### Exercise directions
What are the lines, word for word, from the line with "GATE 2008 Mining" up to and including the line with "NEWDAY V-NECK CARDIGAN [CHARCOAL]" in the records below? Omit the pictures.

### Extracted entries
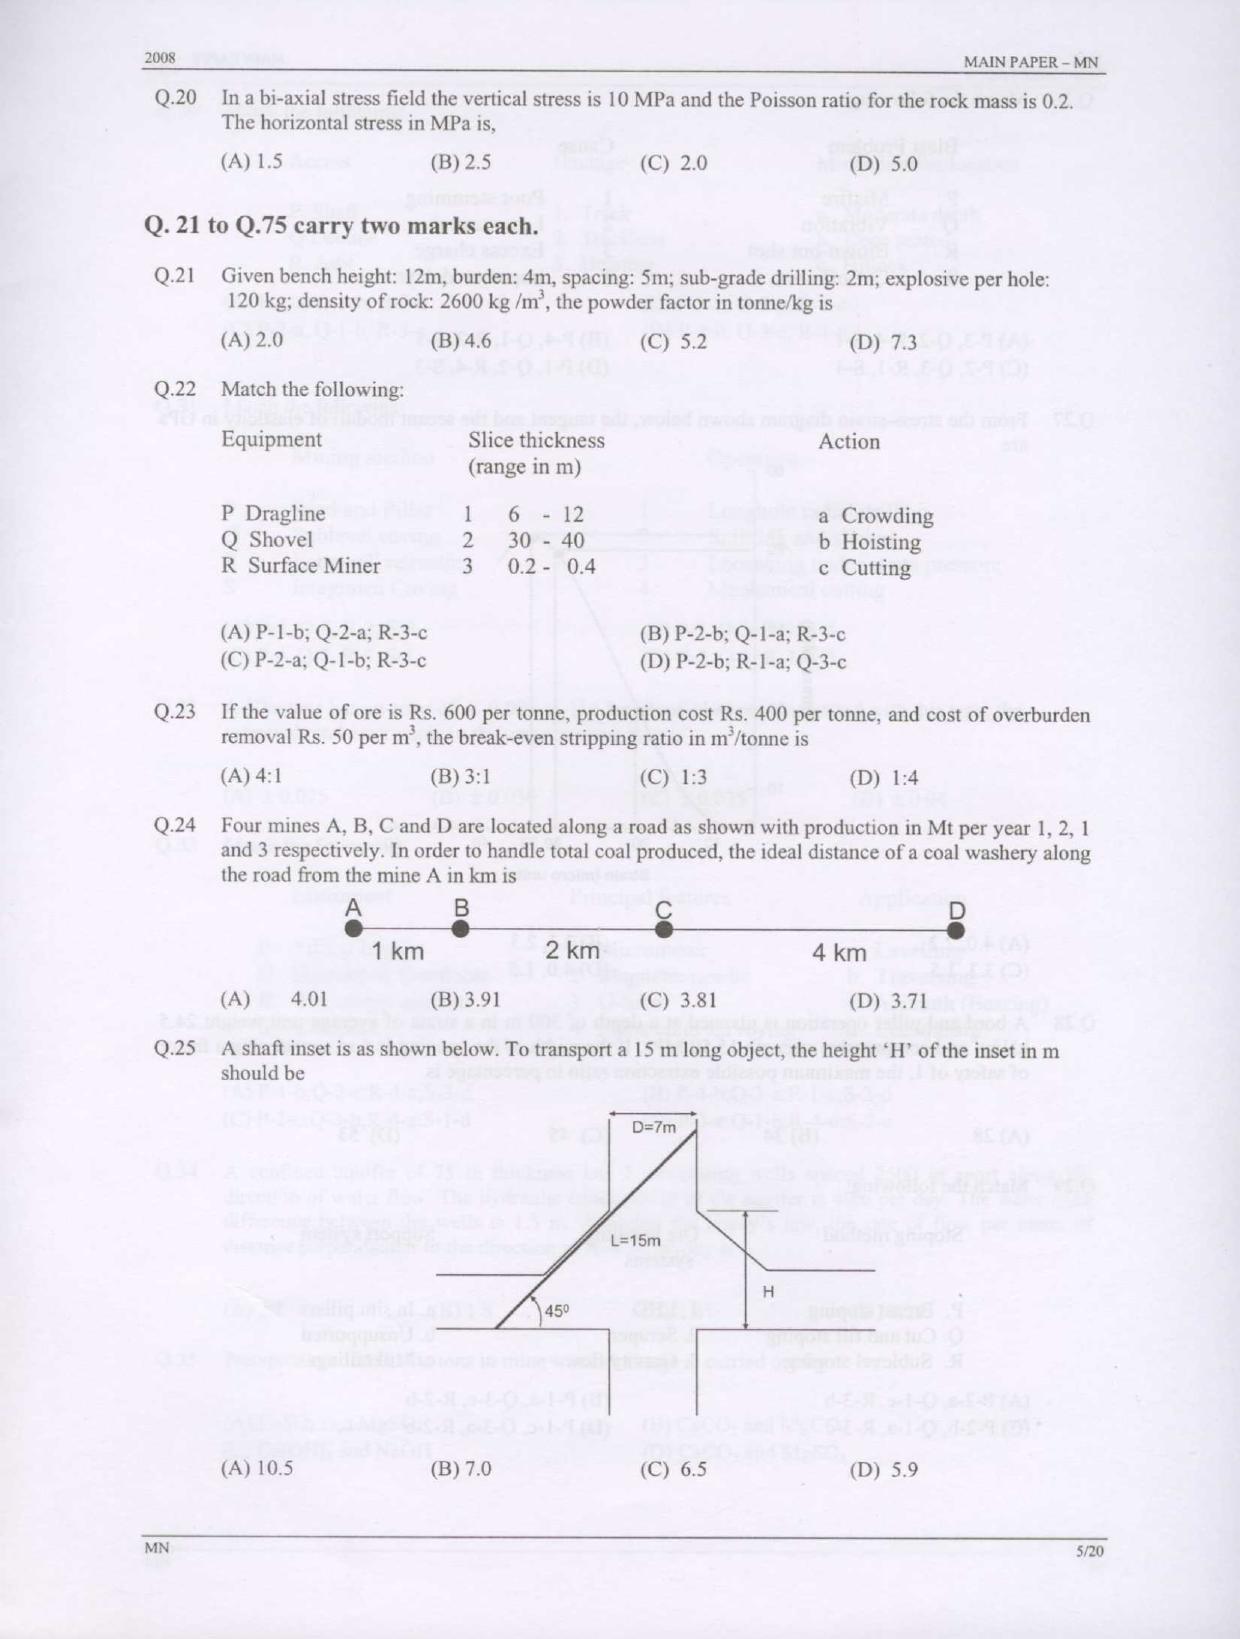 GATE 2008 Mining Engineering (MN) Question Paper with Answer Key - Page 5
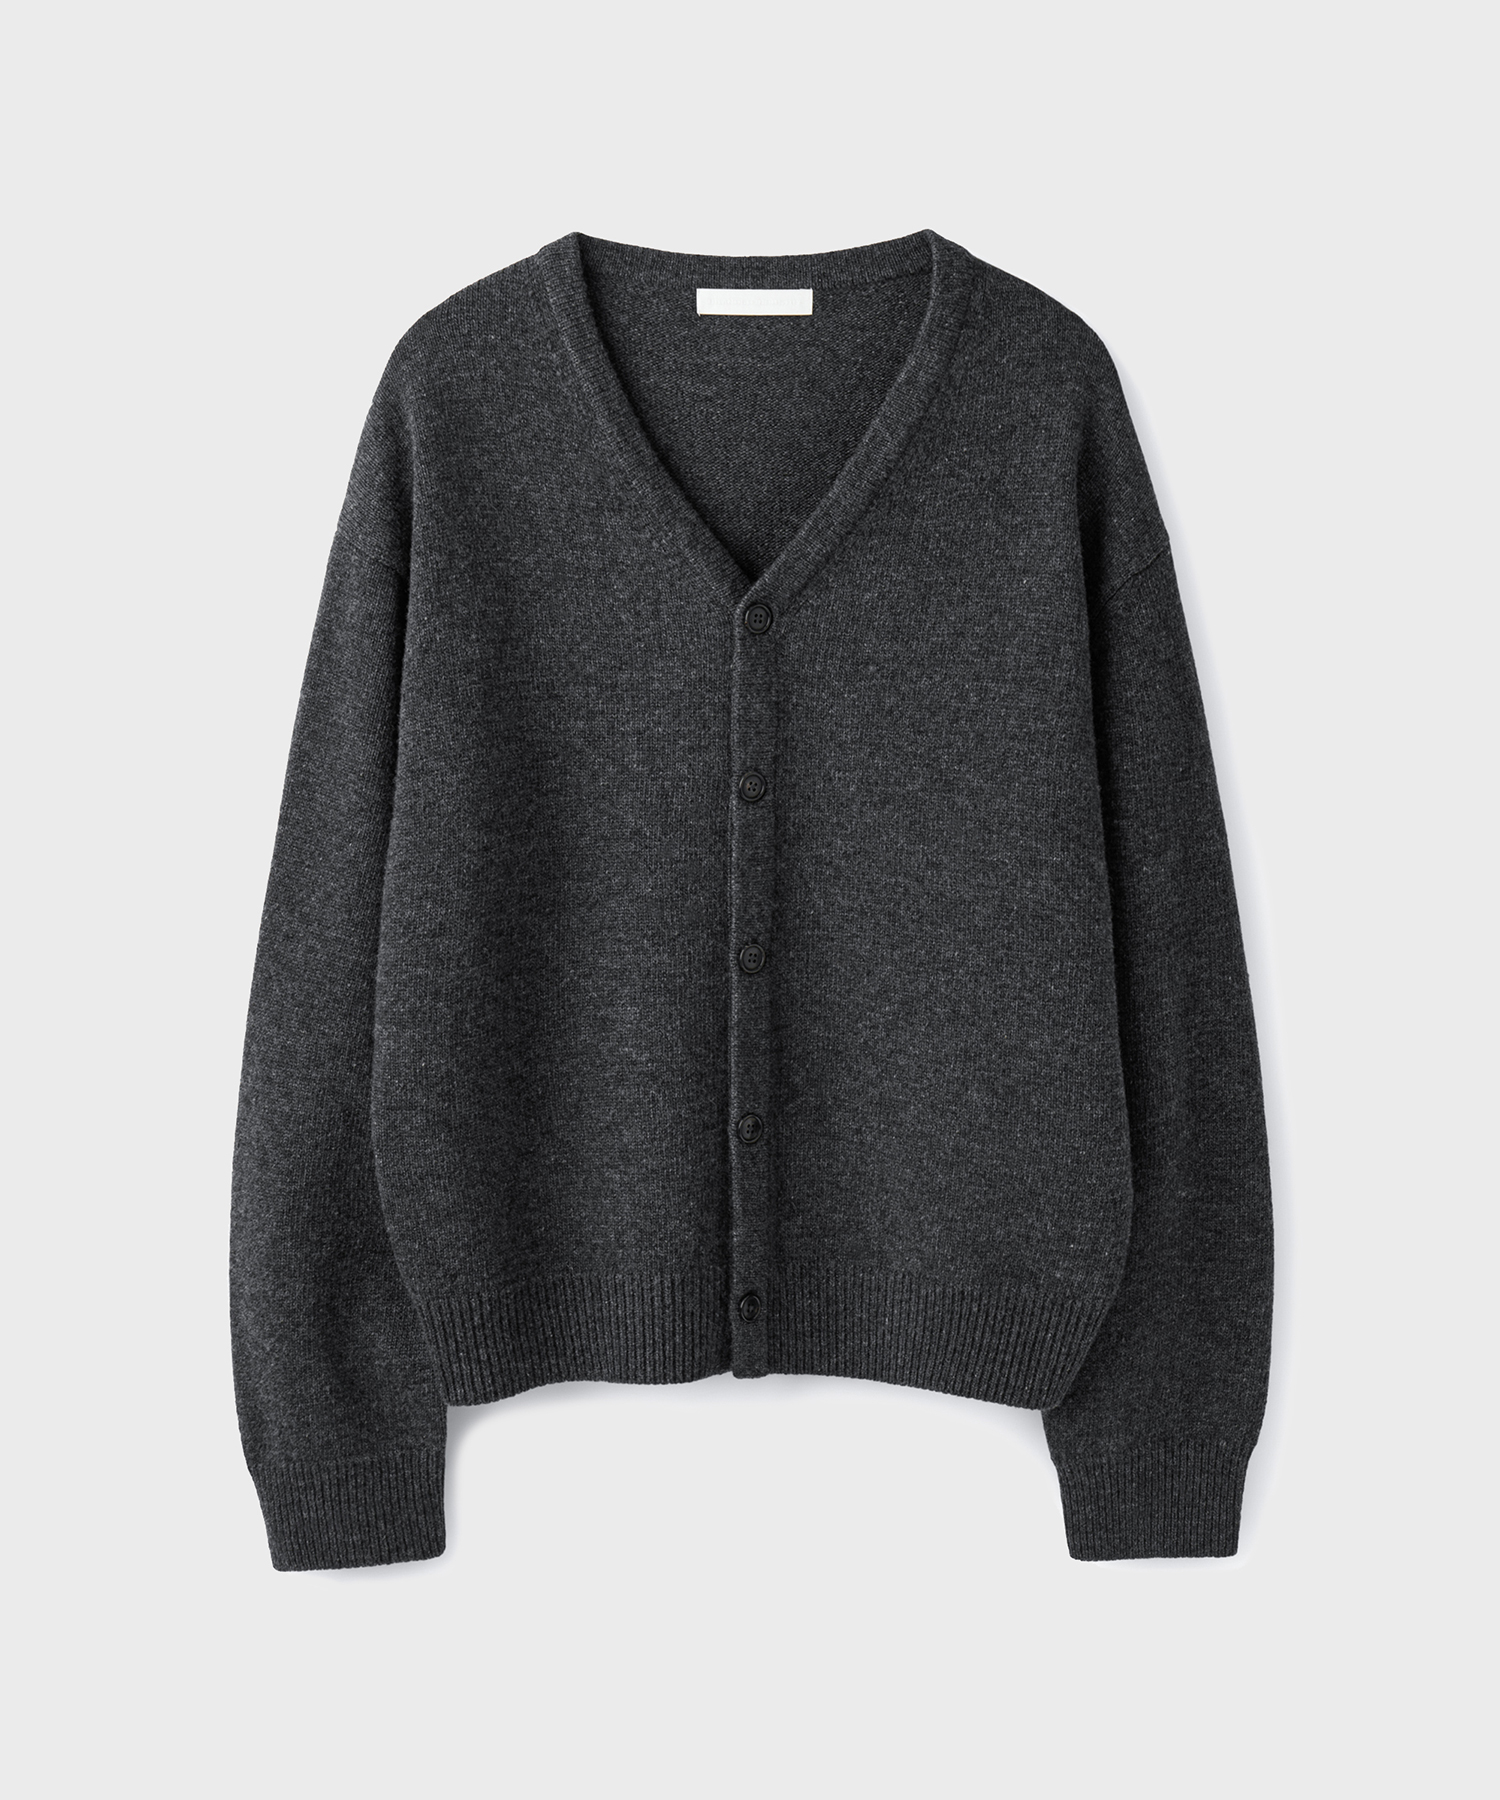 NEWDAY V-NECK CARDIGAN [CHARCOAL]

* * *

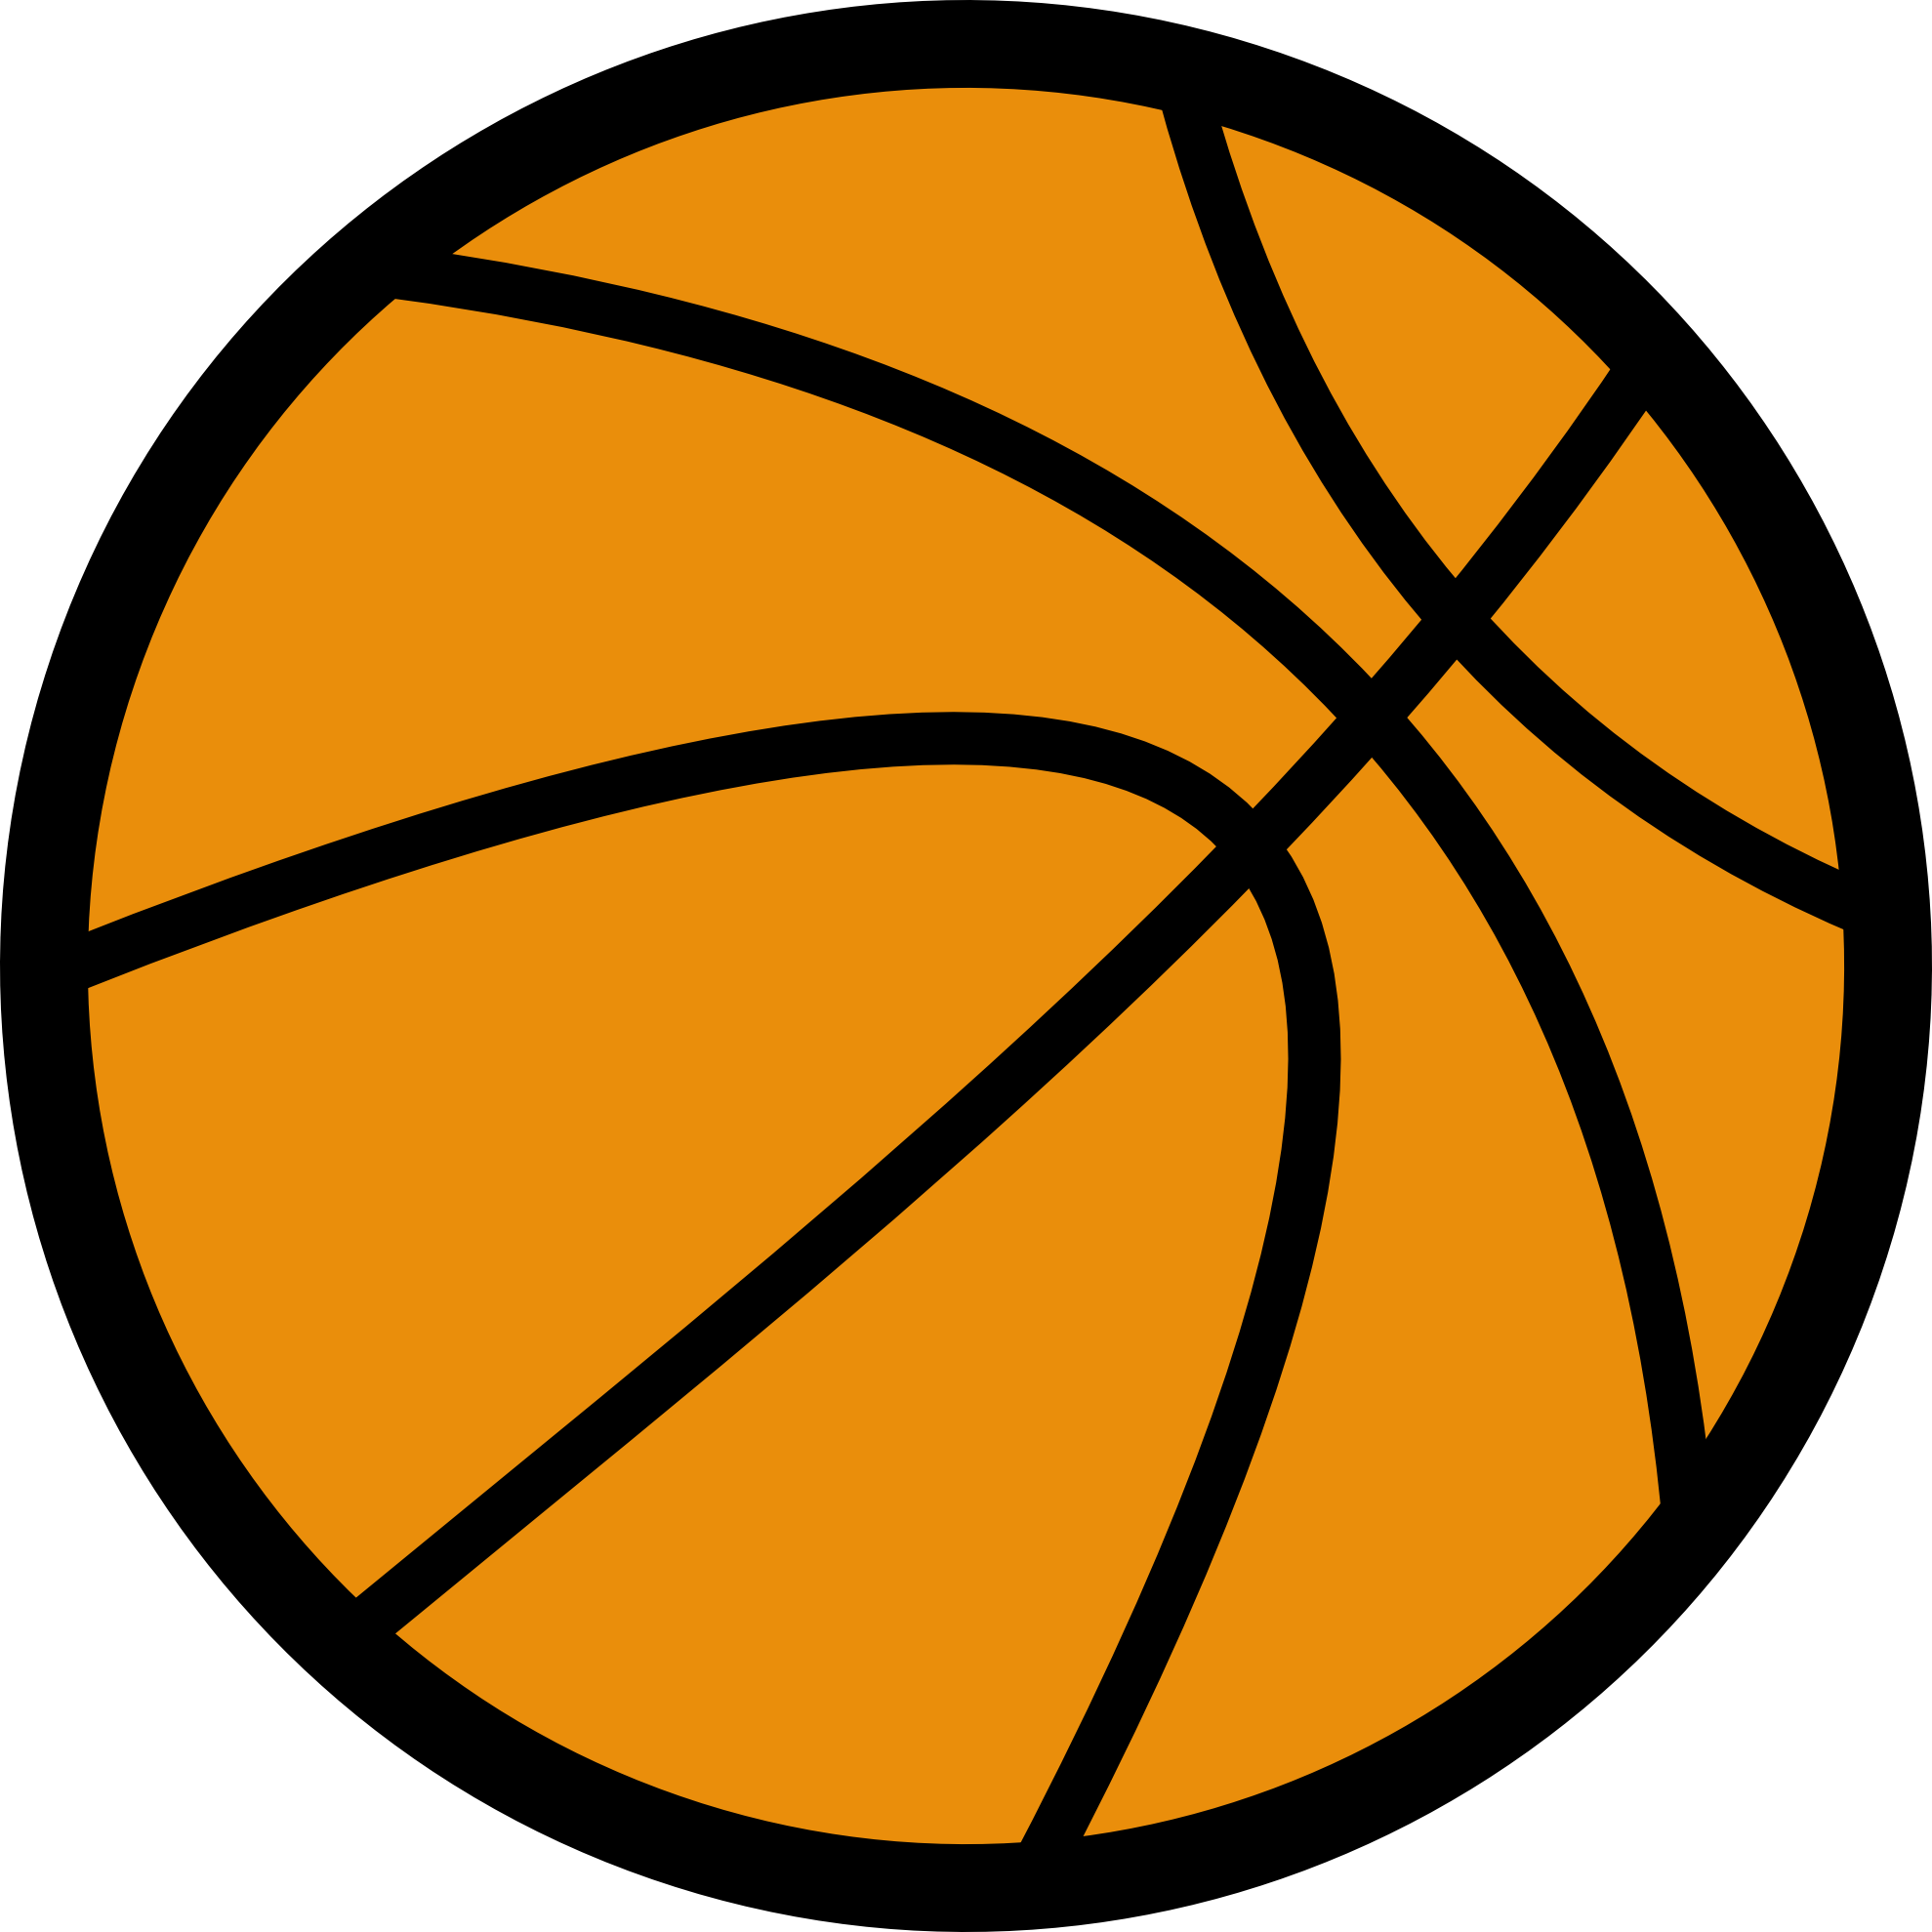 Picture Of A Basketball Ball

### Result for this task
 GATE 2008 Mining Engineering (MN) Question Paper with Answer Key - Page 5
 NEWDAY V-NECK CARDIGAN [CHARCOAL]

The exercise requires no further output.